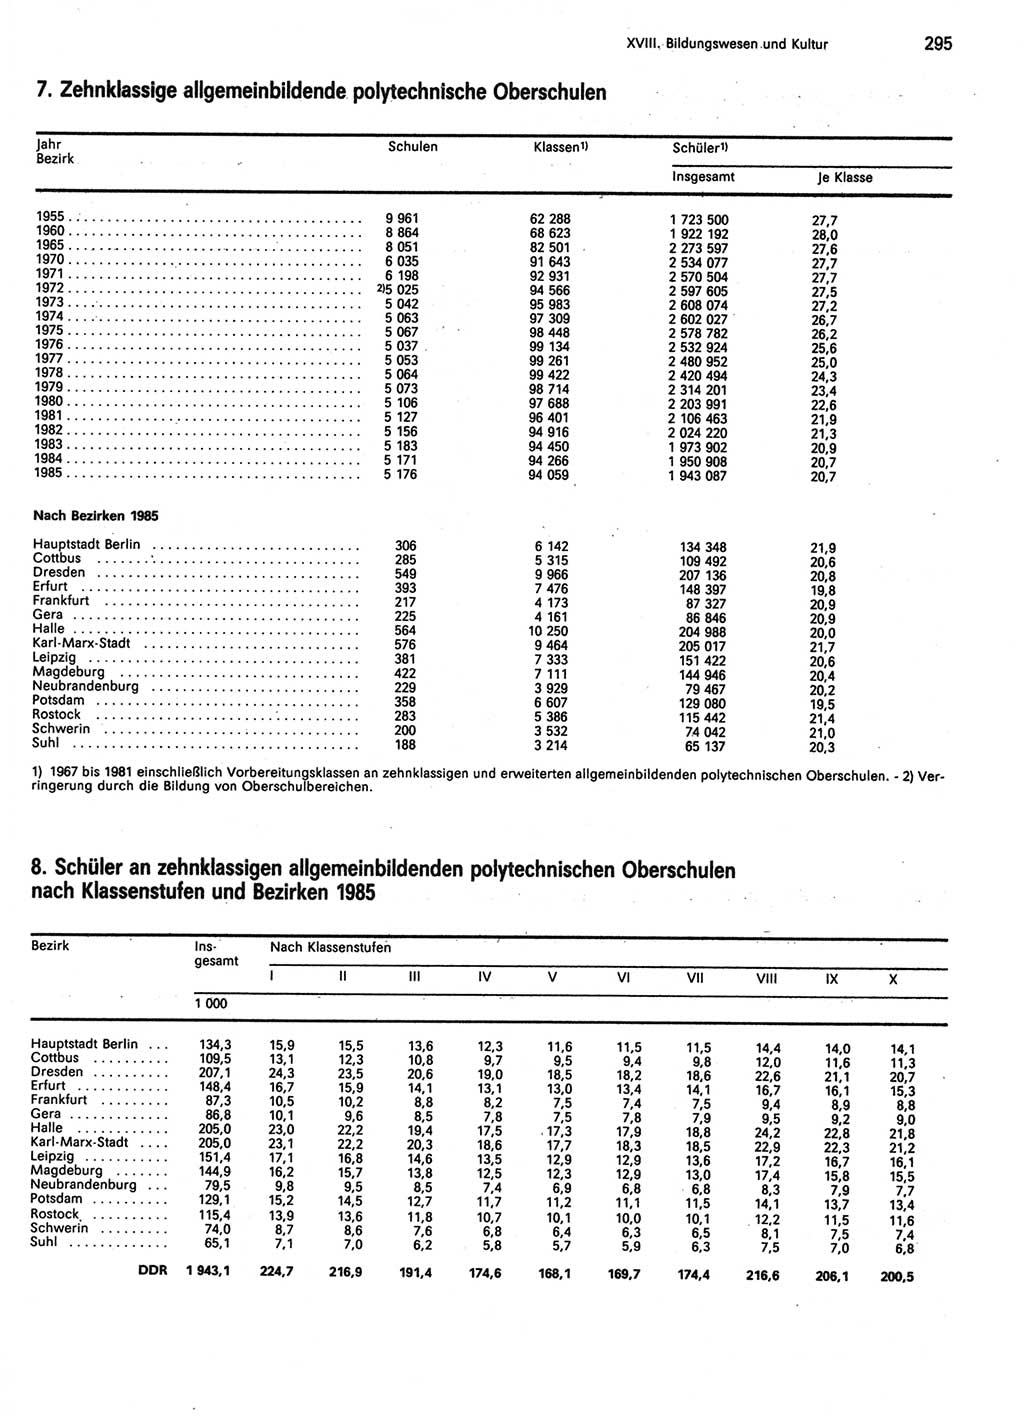 Statistisches Jahrbuch der Deutschen Demokratischen Republik (DDR) 1986, Seite 295 (Stat. Jb. DDR 1986, S. 295)
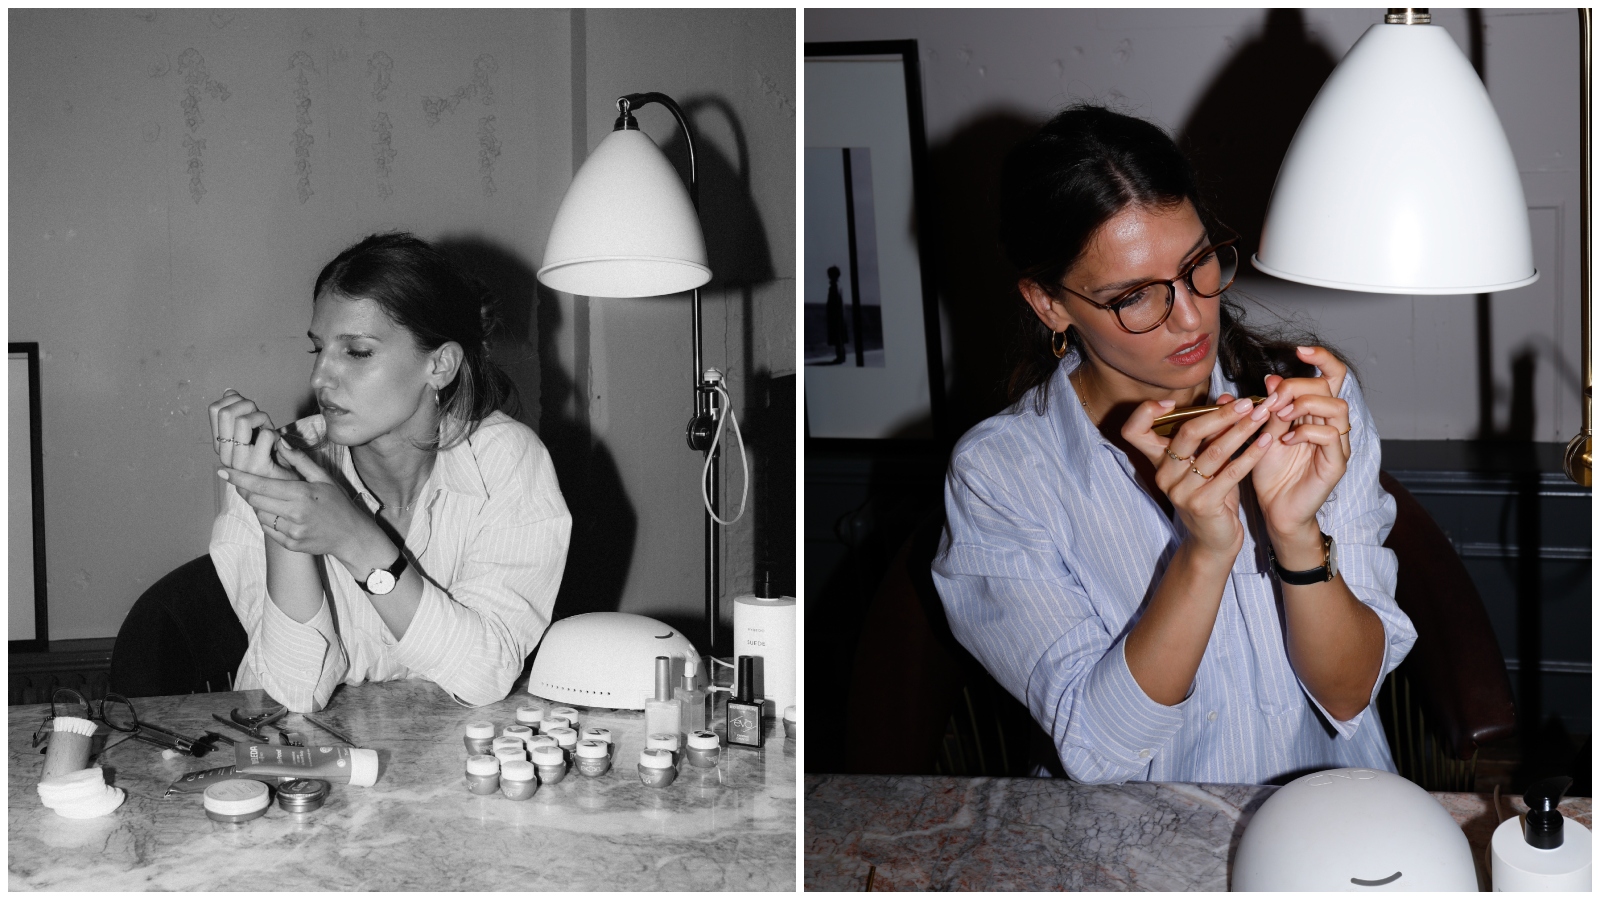 Nokti koje svi kopiraju: Iza najljepših manikura na Instagramu stoji Splićanka s londonskom adresom
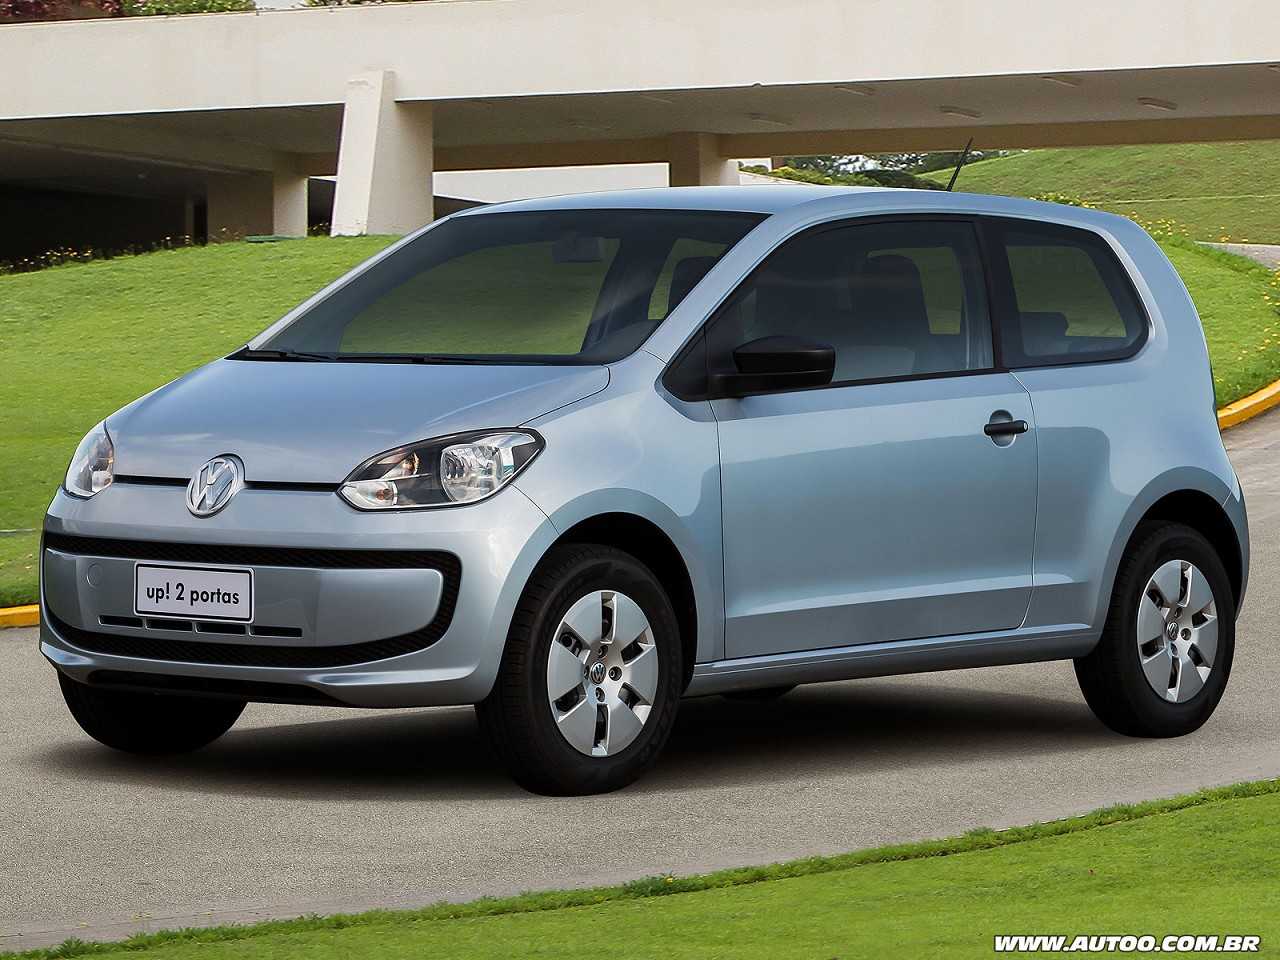 Seminovos até R$ 30.000: VW up! ou Toyota Etios?

____________________

EXERCISE INSTRUCTIONS »
Set down the line containing "Nokti koje svi", then every later line through the end of the material, exactly as written; omit any picture.

ANSWER TO THIS TASK »
 Nokti koje svi kopiraju: Iza najljepših manikura na Instagramu stoji Splićanka s londonskom adresom
 Seminovos até R$ 30.000: VW up! ou Toyota Etios?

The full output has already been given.